- Born: Cheryl Ann Norton October 13, 1958 (age 67) Los Angeles, California, U.S.
- Origin: Detroit, Michigan, U.S.
- Genres: R&B; soul; dance-pop; funk;
- Occupation: Singer
- Instrument: Vocals
- Years active: 1983–present
- Labels: Tabu; Power;

= Cherrelle =

American singer (born 1958)

Cheryl Anne Norton (born October 13, 1958), better known by her stage name Cherrelle, is an American R&B singer and songwriter who gained fame in the mid-1980s. Her signature hits include "I Didn't Mean to Turn You On", "Where Do I Run To", "Everything I Miss at Home", and duets with R&B singer Alexander O'Neal such as "Saturday Love" and "Never Knew Love Like This", as well as "Always" with her cousin Pebbles.

==Biography==
Born in Los Angeles, her father, James Feaster, was a Detroit attorney who was also her manager. She began her career working with jazz/R&B artists Norman Connors and Michael Henderson, as well as touring with Luther Vandross. After Tabu Records founder Clarence Avant heard her demo, he signed her to Tabu Records in 1983. Cherrelle decided on her stage name after a boss from a previous job hollered "Cher-relle, you're late again!"

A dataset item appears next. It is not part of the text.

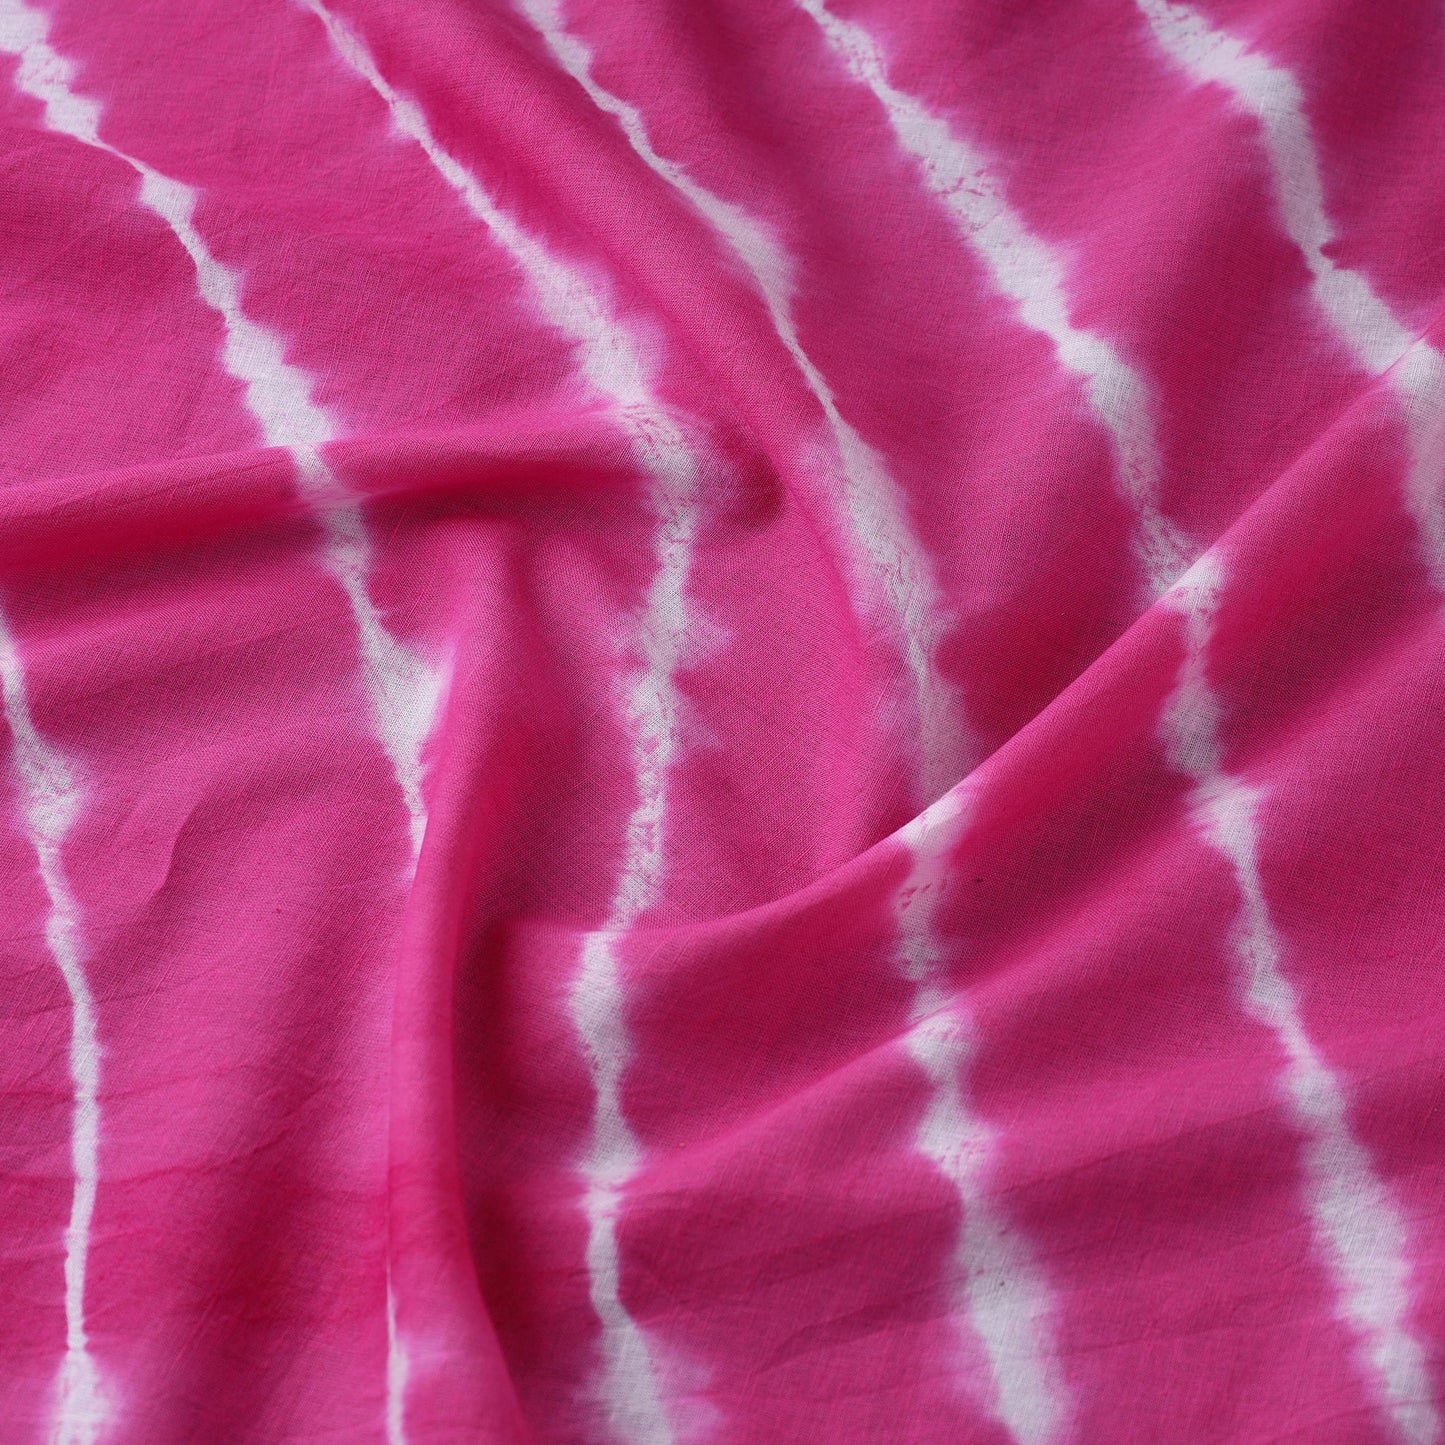 Pink - Shibori Tie-Dye Cotton Fabric 04

In 1984, under the production of Jimmy Jam and Terry Lewis, Cherrelle released her debut album, Fragile. It featured her first R&B top 10 single, "I Didn't Mean to Turn You On". That song (with a music video homage to the film King Kong, featuring Cherrelle as the beast's love interest) was covered about a year later by pop singer Robert Palmer on his 1985 album Riptide. It was also covered by Mariah Carey for her 2001 soundtrack album Glitter using the same instrumental track.

Cherrelle's follow-up album, High Priority, was certified gold and produced the top 40 hit and the No. 2 R&B hit "Saturday Love"; a duet with Alexander O'Neal, it would also land in the top 10 of the UK Singles Chart, peaking at No. 6. Cherrelle and O'Neal would have another top 40 single with "Never Knew Love Like This", which peaked at No. 28 US pop in 1988, and No. 2 R&B. A remixed version of "Saturday Love" on Tabu Records reached No. 55 in the UK Singles Chart in early 1990. Her third album, 1988's Affair, included the No. 1 R&B single, "Everything I Miss at Home". The album's title track became another hit, peaking at No. 4 on the R&B chart.

Cherrelle's cousin is pop singer Perri "Pebbles" Reid; and she is the aunt of Brandi of the girl group Blaque. Cherrelle is also a first cousin of music producer and gospel artist Monica Feaster. In addition to Cherrelle's musical background, she and Johnny Gill were featured on Pebbles' 1991 single "Always", which made the R&B top 20. That same year, Cherrelle released the album The Woman I Am, a first-time departure from using Jam and Lewis productions. The singer linked with producer Narada Michael Walden (known for working with Whitney Houston). Cherrelle reunited with the producers eight years later with her independent album The Right Time, released in 1999, and featuring a guest appearance from rapper Keith Murray.

==Voice and musical ability==
Cherrelle has a light lyric soprano vocal range. Her voice has been called a "light, wispy and occasionally whiny soprano" which influenced the urban contemporary music markets by Ron Wynn of AllMusic. Cherrelle's "light and airy soprano" were considered the inspiration as to why Jimmy Jam and Terry Lewis wanted to produce her and showcase her gift to the world. Other critics gave her praise for being able to convey emotions.

==Discography==

- Studio albums
- Fragile (1984)
- High Priority (1985)
- Affair (1988)
- The Woman I Am (1991)
- The Right Time (1999)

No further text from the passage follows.